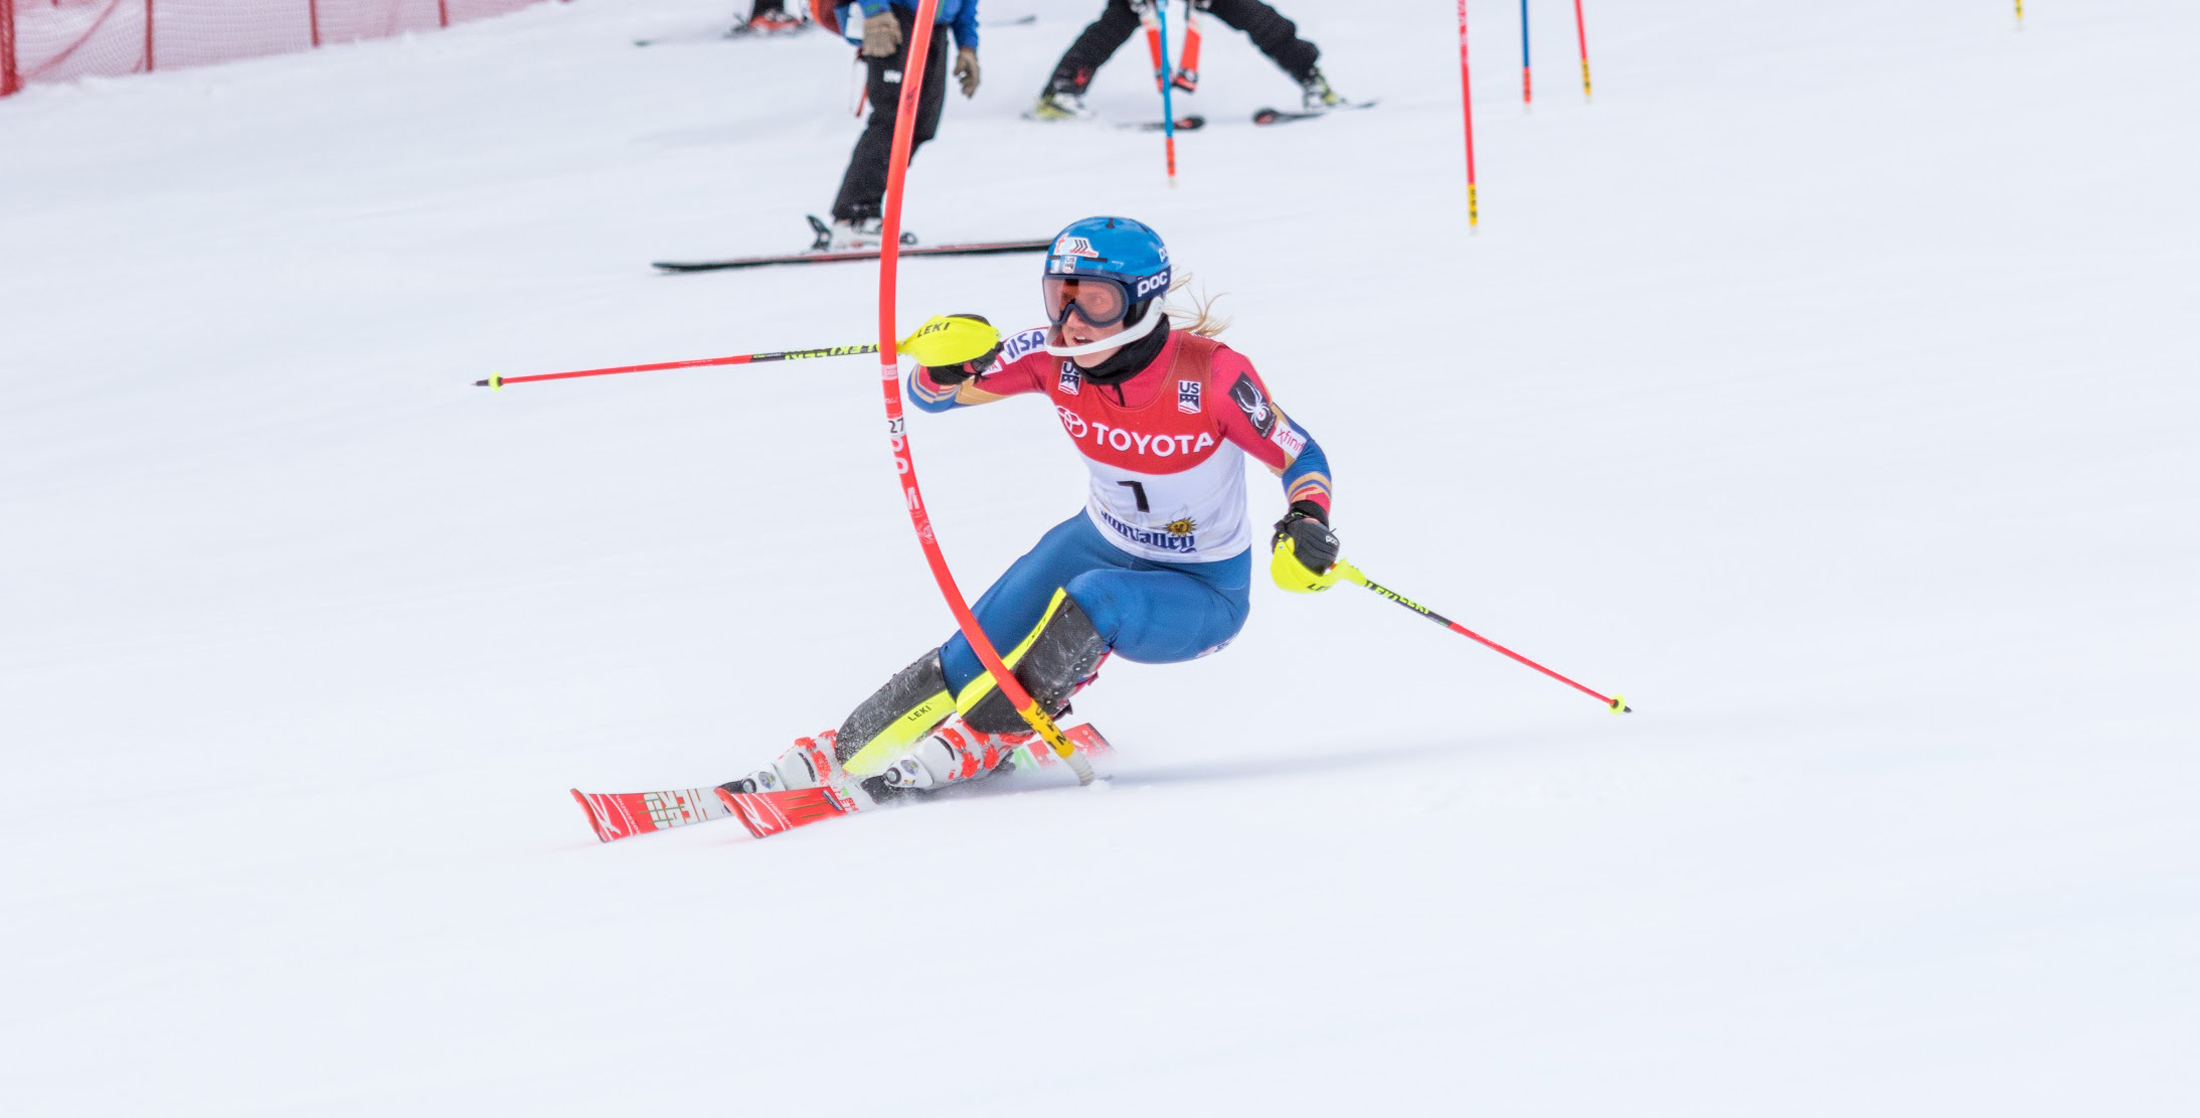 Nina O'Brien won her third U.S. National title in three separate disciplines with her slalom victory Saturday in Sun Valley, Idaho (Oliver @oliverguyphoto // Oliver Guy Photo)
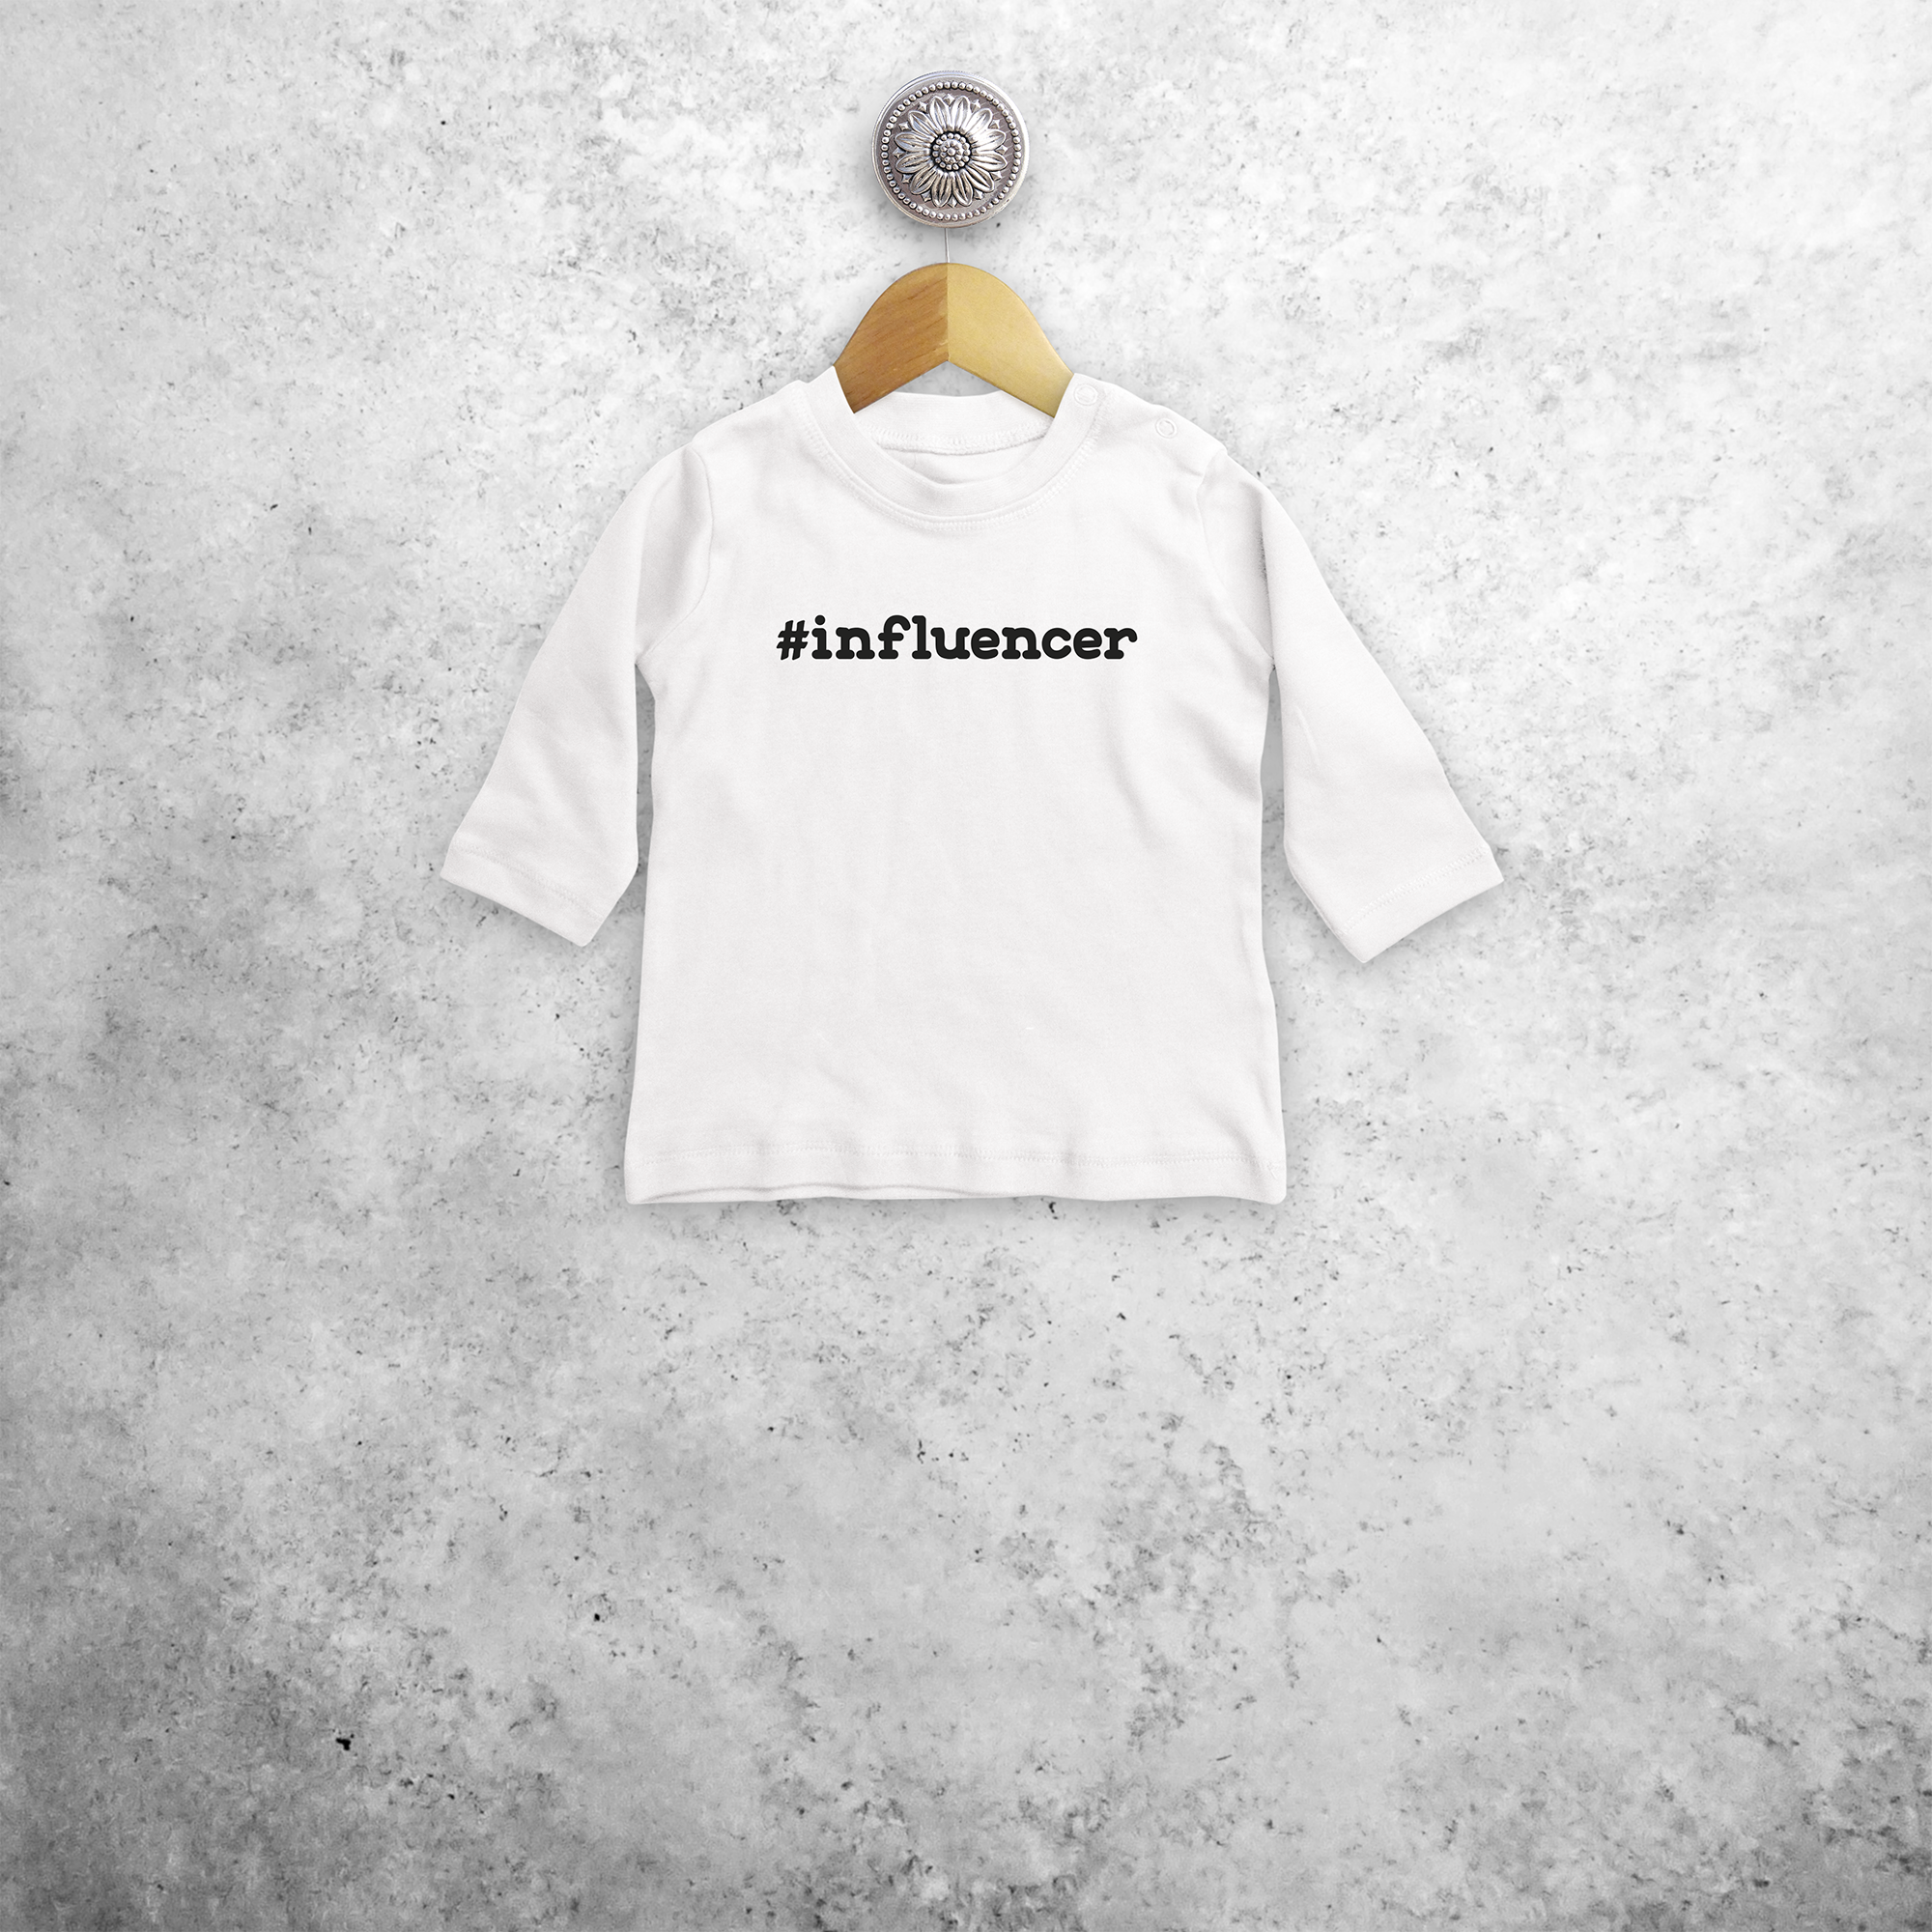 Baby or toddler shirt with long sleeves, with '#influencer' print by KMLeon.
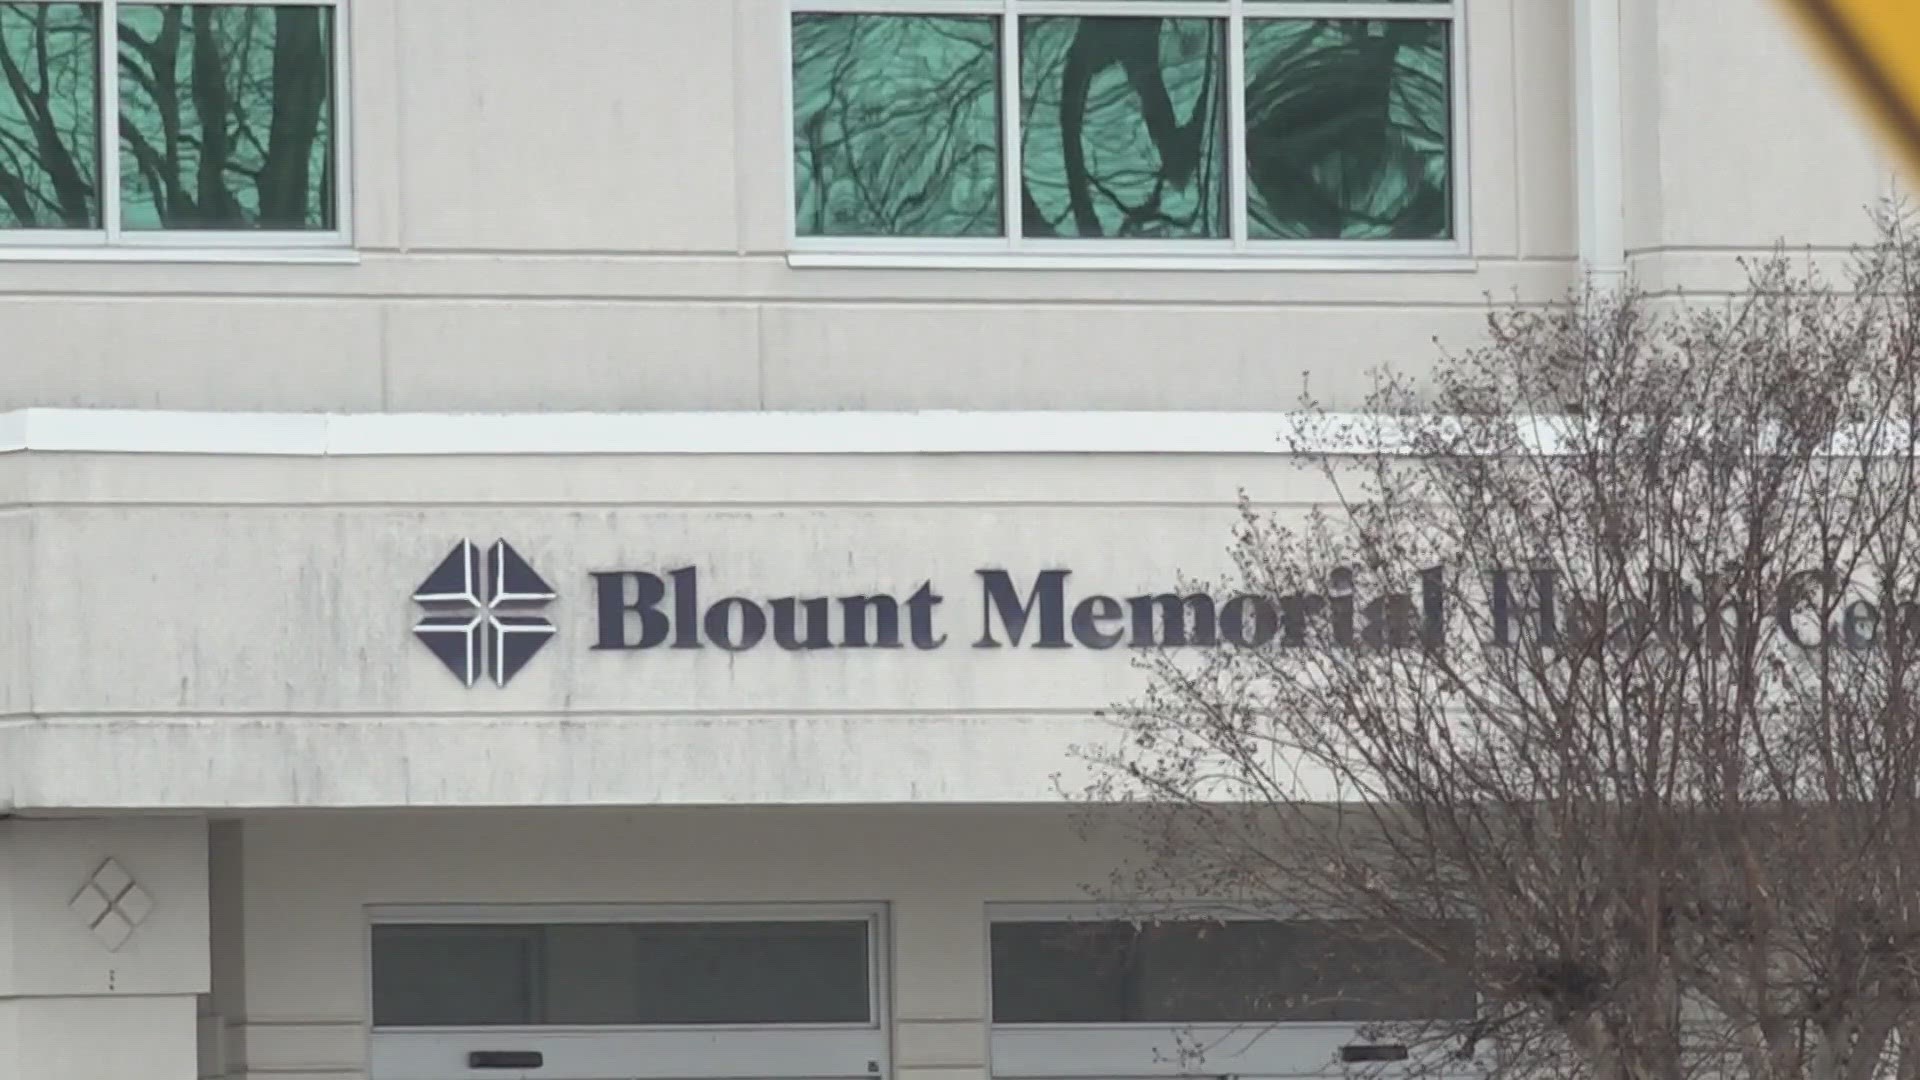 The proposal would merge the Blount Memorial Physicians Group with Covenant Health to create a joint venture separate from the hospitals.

Task brief:
Copy only the lines running from the one that holds "Baby or toddler" through the last line of the data, and include both of those lines. Do not copy any pictures.

Task result:
 Baby or toddler shirt with long sleeves, with '#influencer' print by KMLeon.
 The proposal would merge the Blount Memorial Physicians Group with Covenant Health to create a joint venture separate from the hospitals.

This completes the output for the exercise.